Anonymous wrote:A few minutes later, she came to me and said "Can I tell you the truth?"
This, to me, sounds like the actions of a kid who is being honest. Or possibly one who is being dishonest, afraid she is about to get caught, and is scrambling to find a lie that will be believed. I have one kid who would be the first, and one, sadly, who is the second. But despite the fact that it is a 50/50 thing in my house, I think overall most kids (who aren't in counseling for habitual lying and several other issues like mine is) would be being honest when they reach out to their parents like this. Which one fits your kid? Try, for a moment, to ignore the smoke you smelled and the lighter you found, and think of this action coming from your daughter. Which type of person is she?
If you think she is usually honest with you, then I'd let his go, at least in regards to her, and assume she is telling the truth. But I would keep my eyes wide open going forward for any additional hints.
What to do about the telling the other parent is the harder question for me.
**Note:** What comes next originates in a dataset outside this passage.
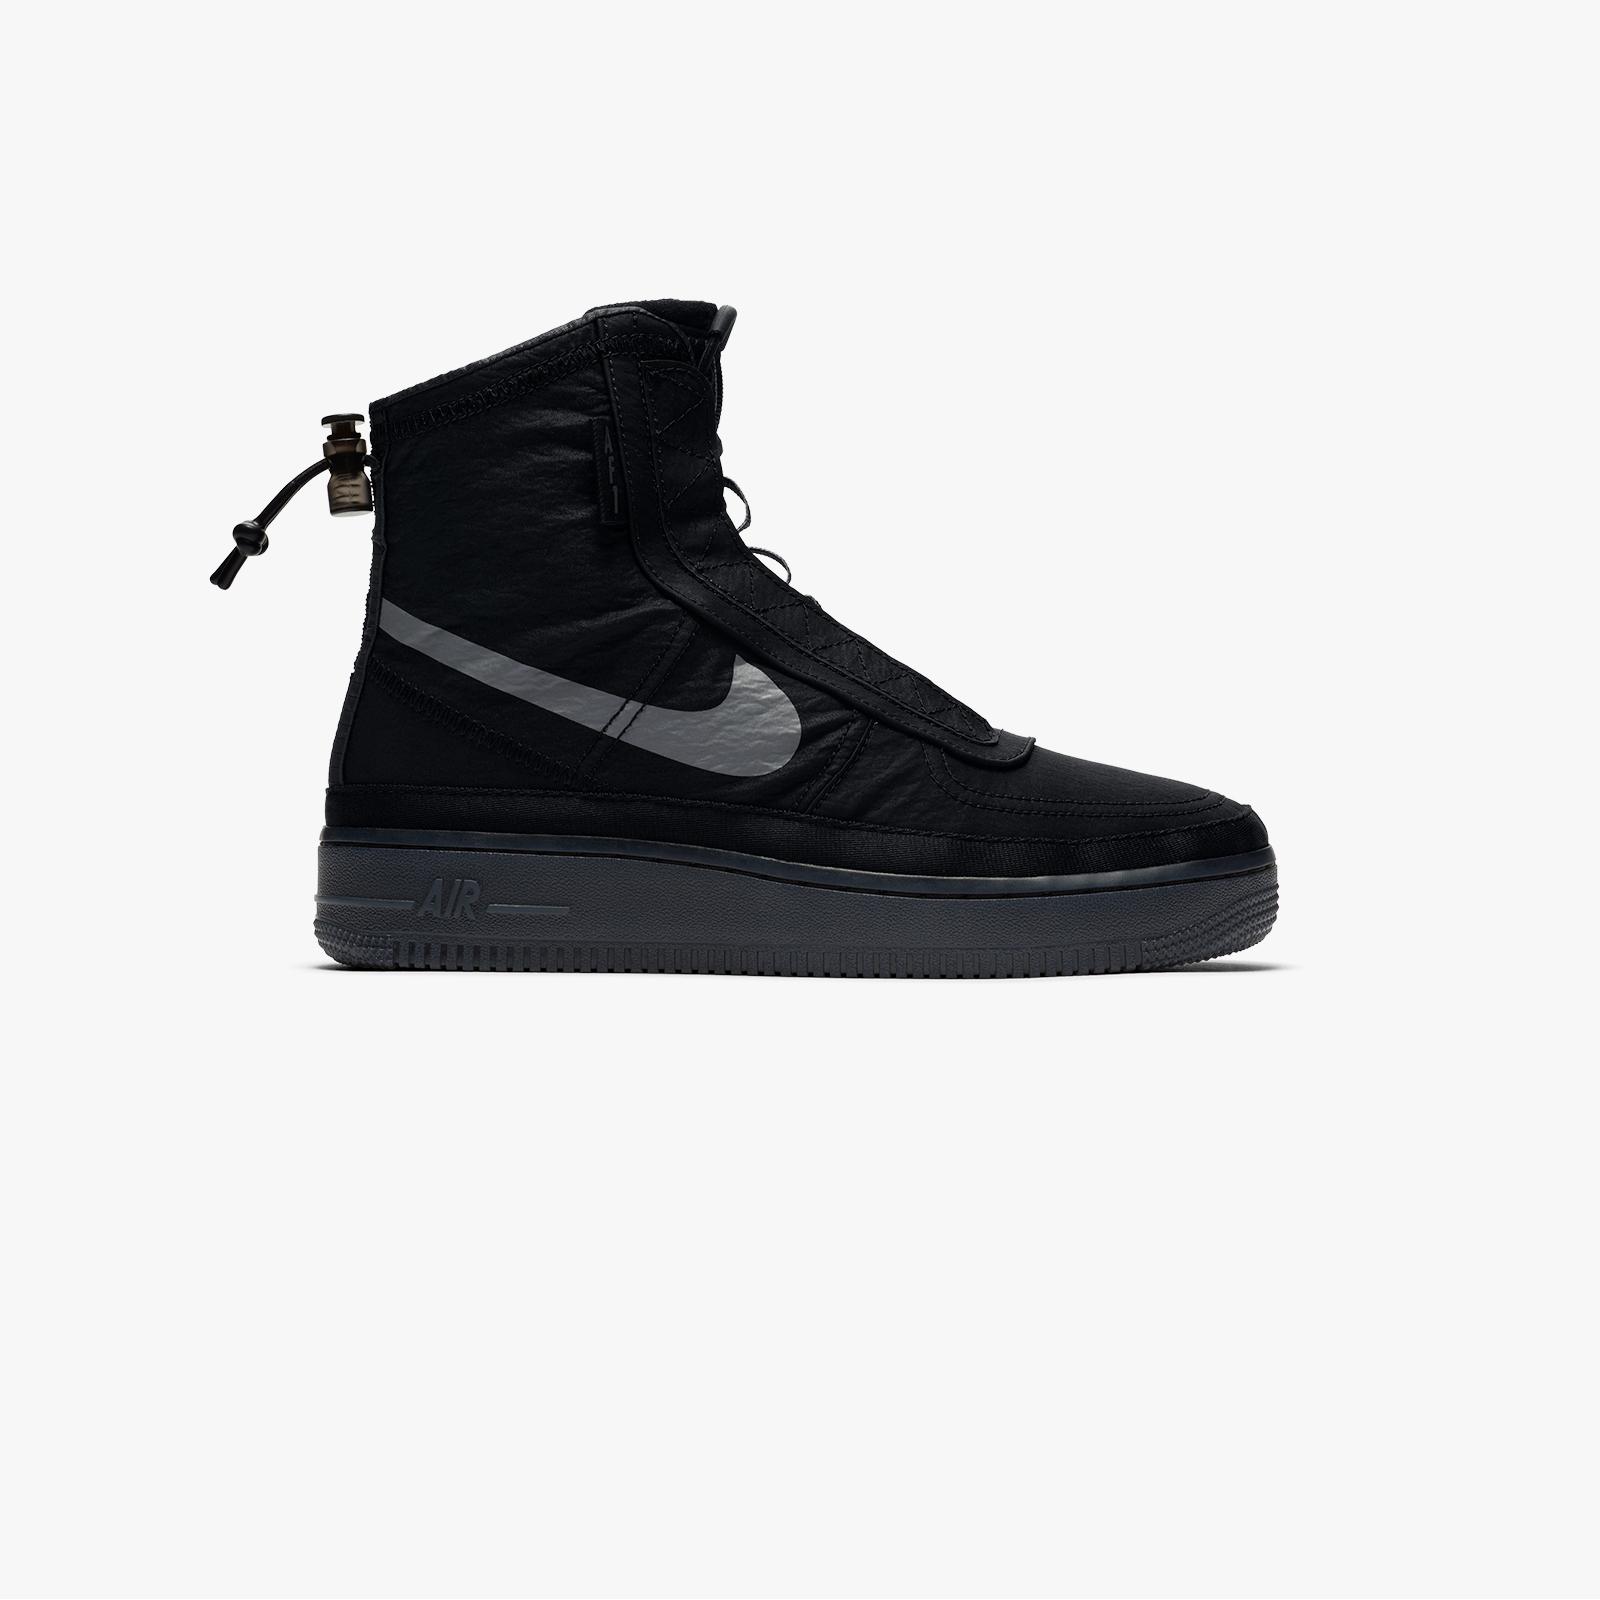 Nike Wmns AF1 Shell Bq6096 001 Sneakersnstuff   sneakers

I'd hate to undermine my child's trust when they came to me and asked me to keep quiet about it, but if I were the other parent, I would for sure want to know. I think your best bet is to try to get your daughter to understand why you need to tell the other parent, and then do so. While it is nice that your daughter and her friends are trying to convince this friend to stop smoking, unfortunately a bunch of kids aren't very well equipped to truly help the girl in question.